**The problem**
Only the lines from the start of the data through the line containing "Sixth National Conference" should be written out, exactly as they are, with both ends included and the pictures left out.

**Stored data**
[Start of Attachment]

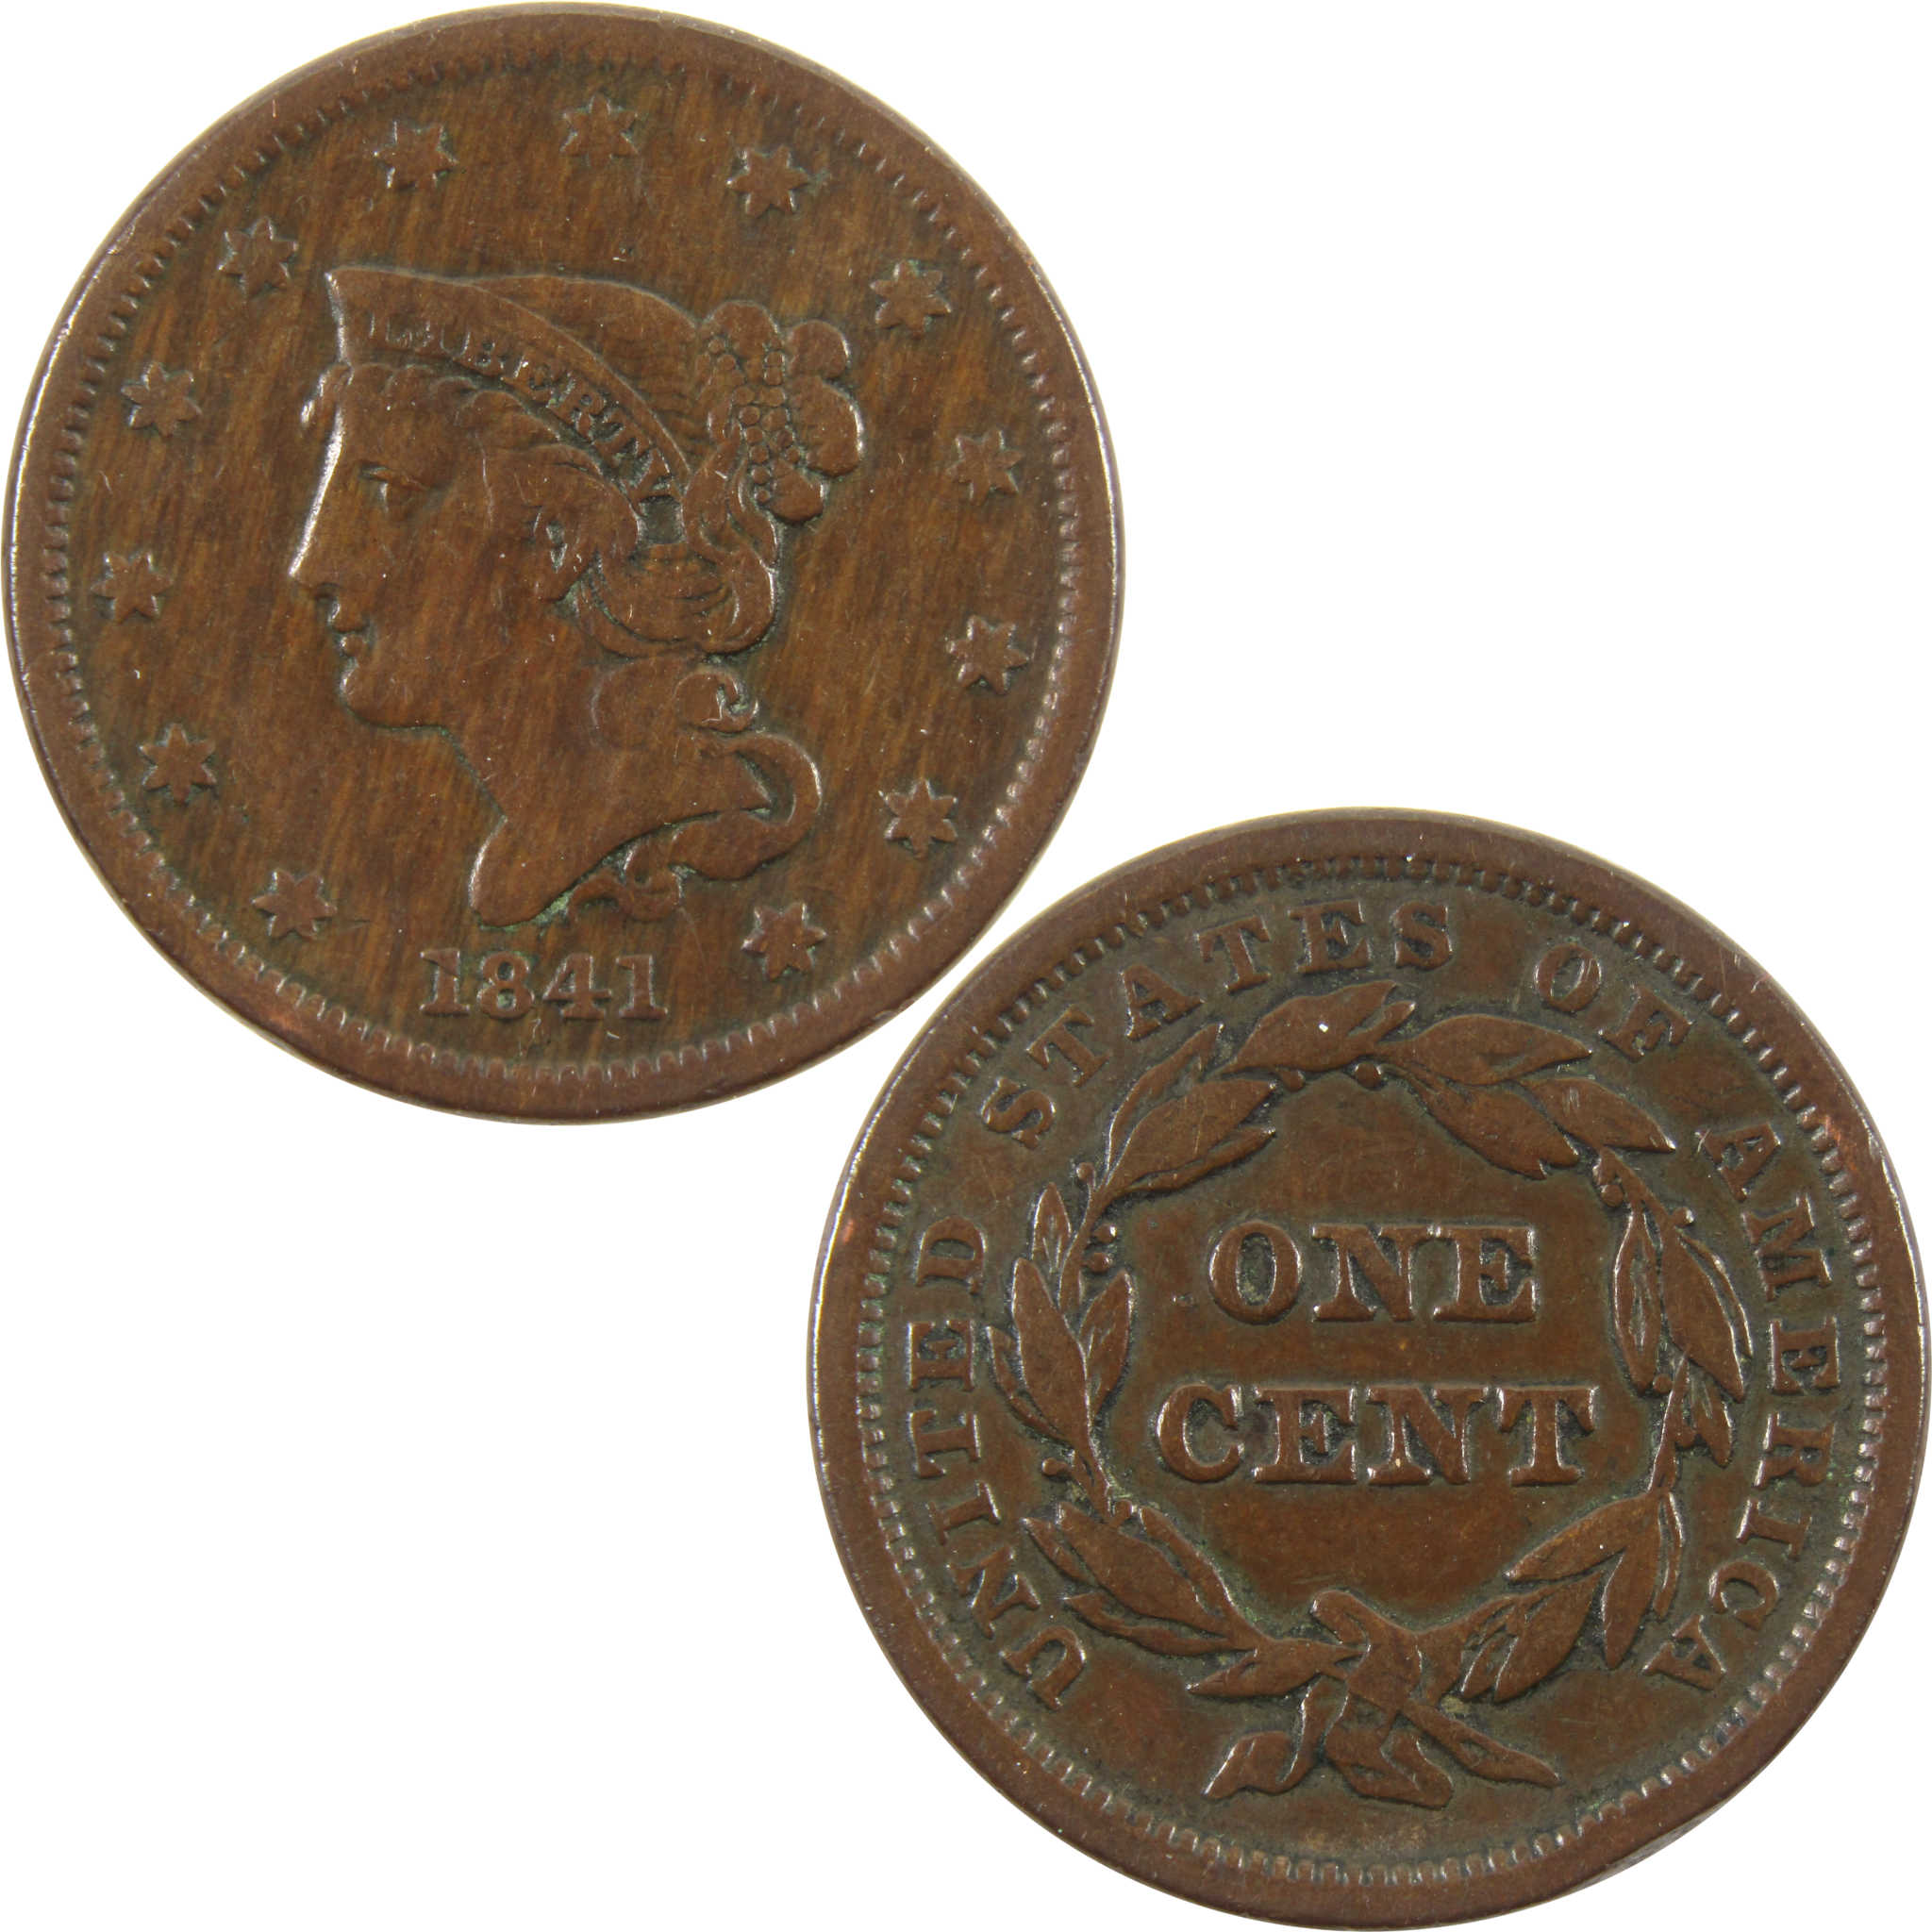 1841 Braided Hair Large Cent VF Very Fine Copper Penny 1c SKU:I10950
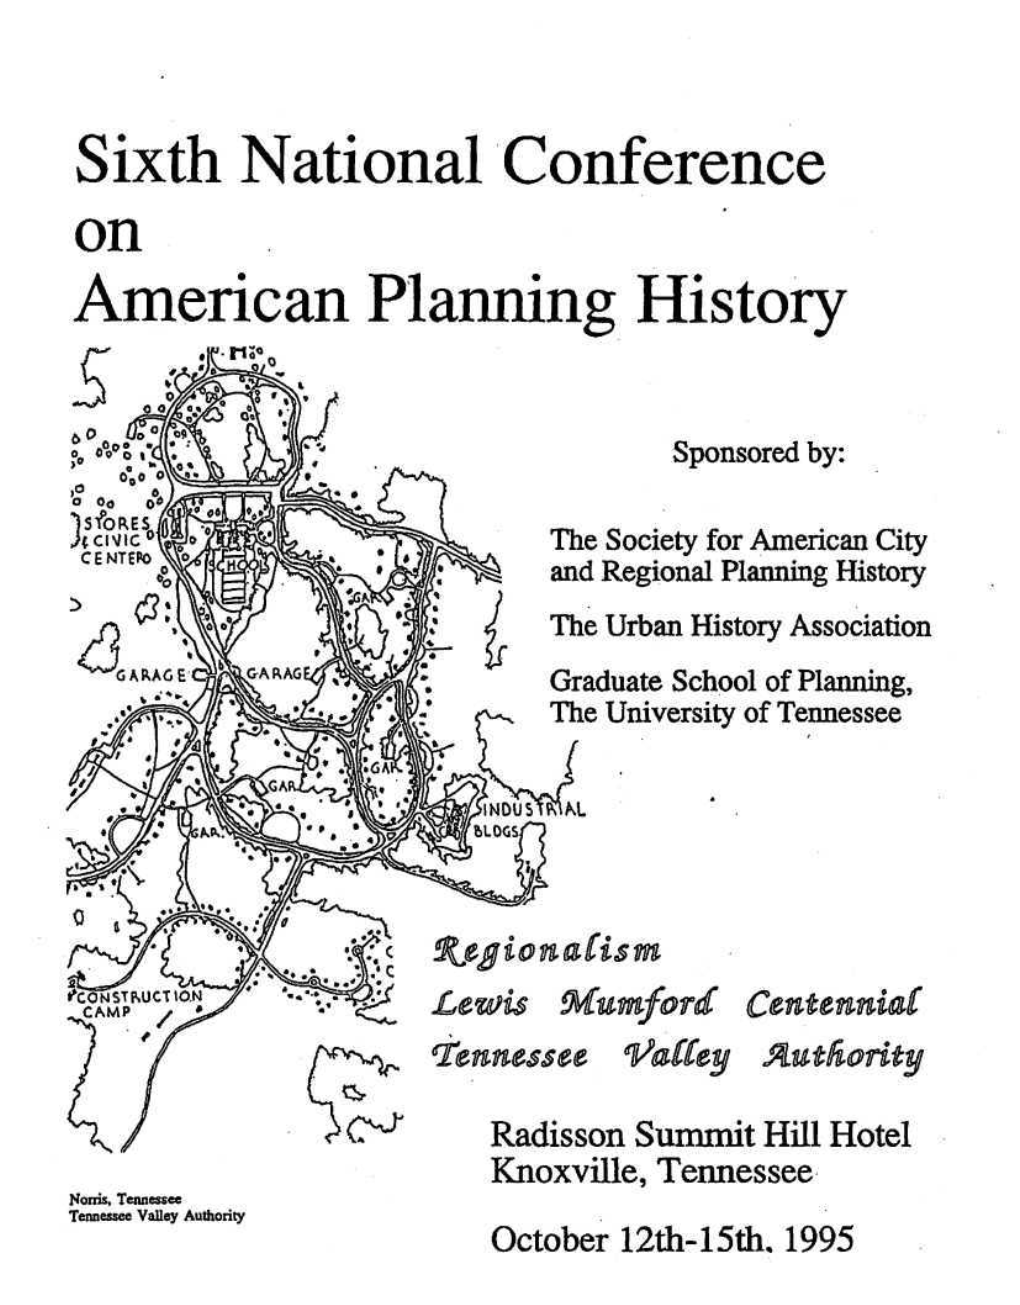 Sixth National Conference on American Planning History
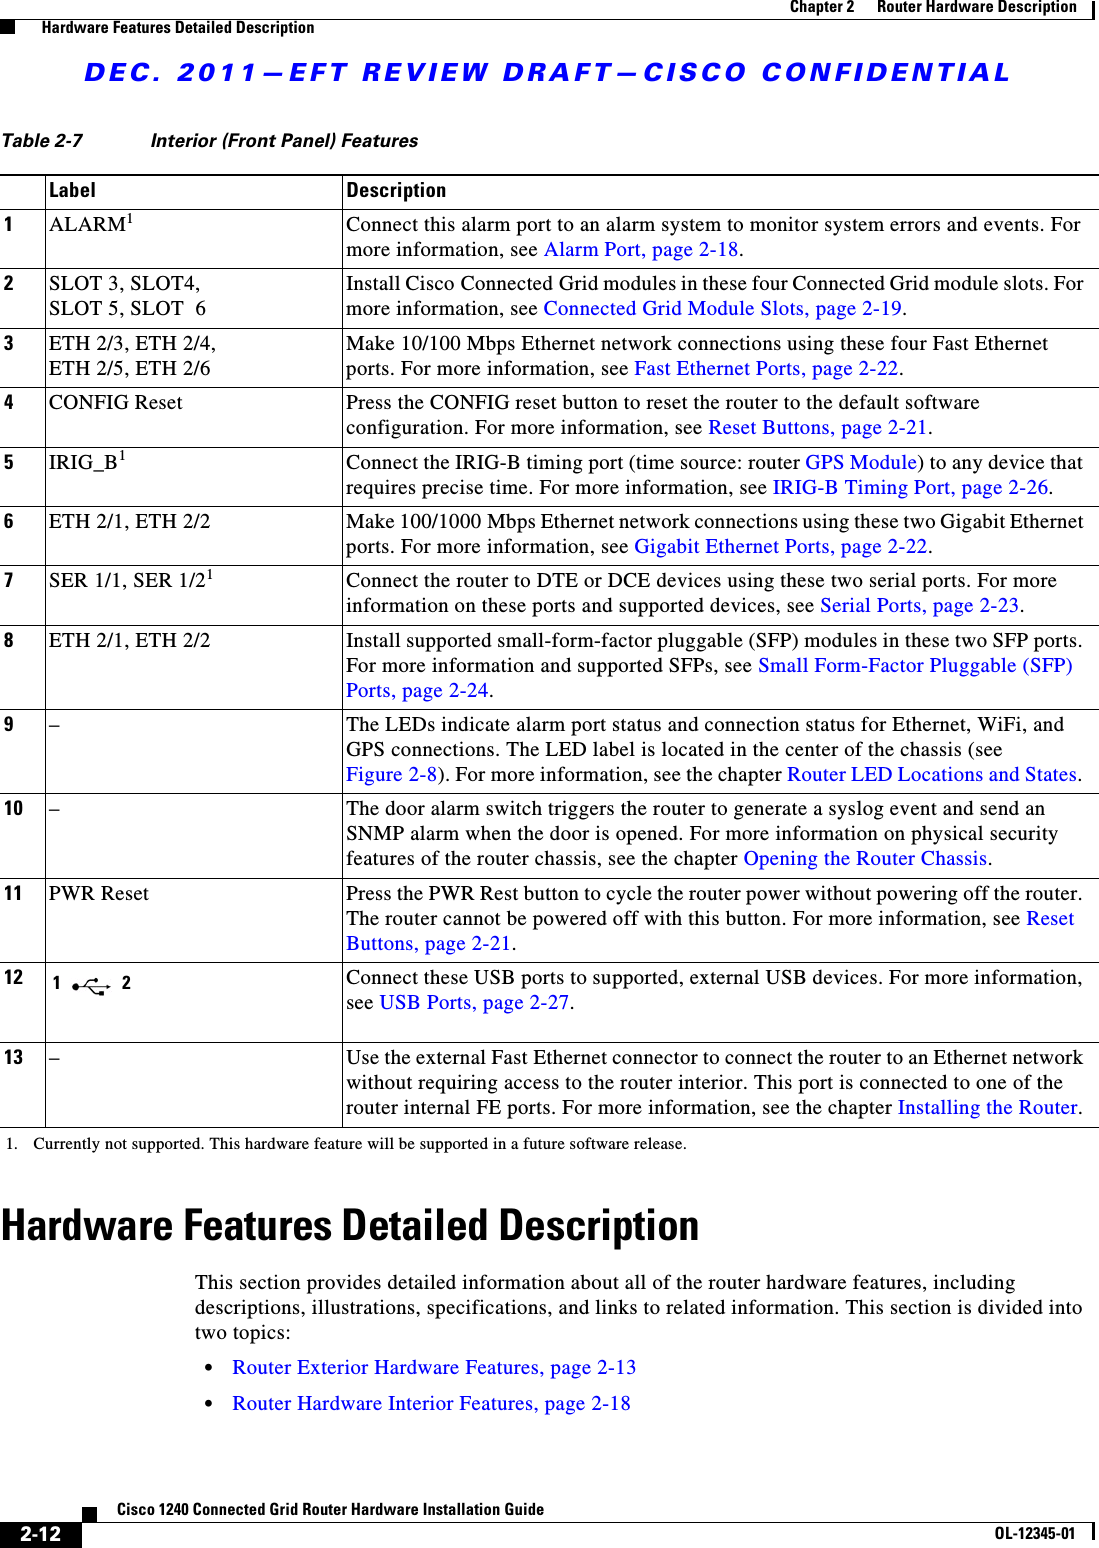 DEC. 2011—EFT REVIEW DRAFT—CISCO CONFIDENTIAL2-12Cisco 1240 Connected Grid Router Hardware Installation GuideOL-12345-01Chapter 2      Router Hardware Description  Hardware Features Detailed DescriptionHardware Features Detailed DescriptionThis section provides detailed information about all of the router hardware features, including descriptions, illustrations, specifications, and links to related information. This section is divided into two topics:  • Router Exterior Hardware Features, page 2-13  • Router Hardware Interior Features, page 2-18Table 2-7 Interior (Front Panel) FeaturesLabel Description1ALARM11. Currently not supported. This hardware feature will be supported in a future software release.Connect this alarm port to an alarm system to monitor system errors and events. For more information, see Alarm Port, page 2-18. 2SLOT 3, SLOT4,  SLOT 5, SLOT  6Install Cisco Connected Grid modules in these four Connected Grid module slots. For more information, see Connected Grid Module Slots, page 2-19.3ETH 2/3, ETH 2/4,  ETH 2/5, ETH 2/6Make 10/100 Mbps Ethernet network connections using these four Fast Ethernet ports. For more information, see Fast Ethernet Ports, page 2-22.4CONFIG Reset Press the CONFIG reset button to reset the router to the default software configuration. For more information, see Reset Buttons, page 2-21.5IRIG_B1Connect the IRIG-B timing port (time source: router GPS Module) to any device that requires precise time. For more information, see IRIG-B Timing Port, page 2-26.6ETH 2/1, ETH 2/2 Make 100/1000 Mbps Ethernet network connections using these two Gigabit Ethernet ports. For more information, see Gigabit Ethernet Ports, page 2-22.7SER 1/1, SER 1/21Connect the router to DTE or DCE devices using these two serial ports. For more information on these ports and supported devices, see Serial Ports, page 2-23.8ETH 2/1, ETH 2/2 Install supported small-form-factor pluggable (SFP) modules in these two SFP ports. For more information and supported SFPs, see Small Form-Factor Pluggable (SFP) Ports, page 2-24. 9–The LEDs indicate alarm port status and connection status for Ethernet, WiFi, and GPS connections. The LED label is located in the center of the chassis (see Figure 2-8). For more information, see the chapter Router LED Locations and States. 10 –The door alarm switch triggers the router to generate a syslog event and send an SNMP alarm when the door is opened. For more information on physical security features of the router chassis, see the chapter Opening the Router Chassis.11 PWR Reset Press the PWR Rest button to cycle the router power without powering off the router. The router cannot be powered off with this button. For more information, see Reset Buttons, page 2-21.12 Connect these USB ports to supported, external USB devices. For more information, see USB Ports, page 2-27.13 –Use the external Fast Ethernet connector to connect the router to an Ethernet network without requiring access to the router interior. This port is connected to one of the router internal FE ports. For more information, see the chapter Installing the Router.1 2

[End of Attachment]

**Result of the exercise**
 1841 Braided Hair Large Cent VF Very Fine Copper Penny 1c SKU:I10950
 Sixth National Conference on American Planning History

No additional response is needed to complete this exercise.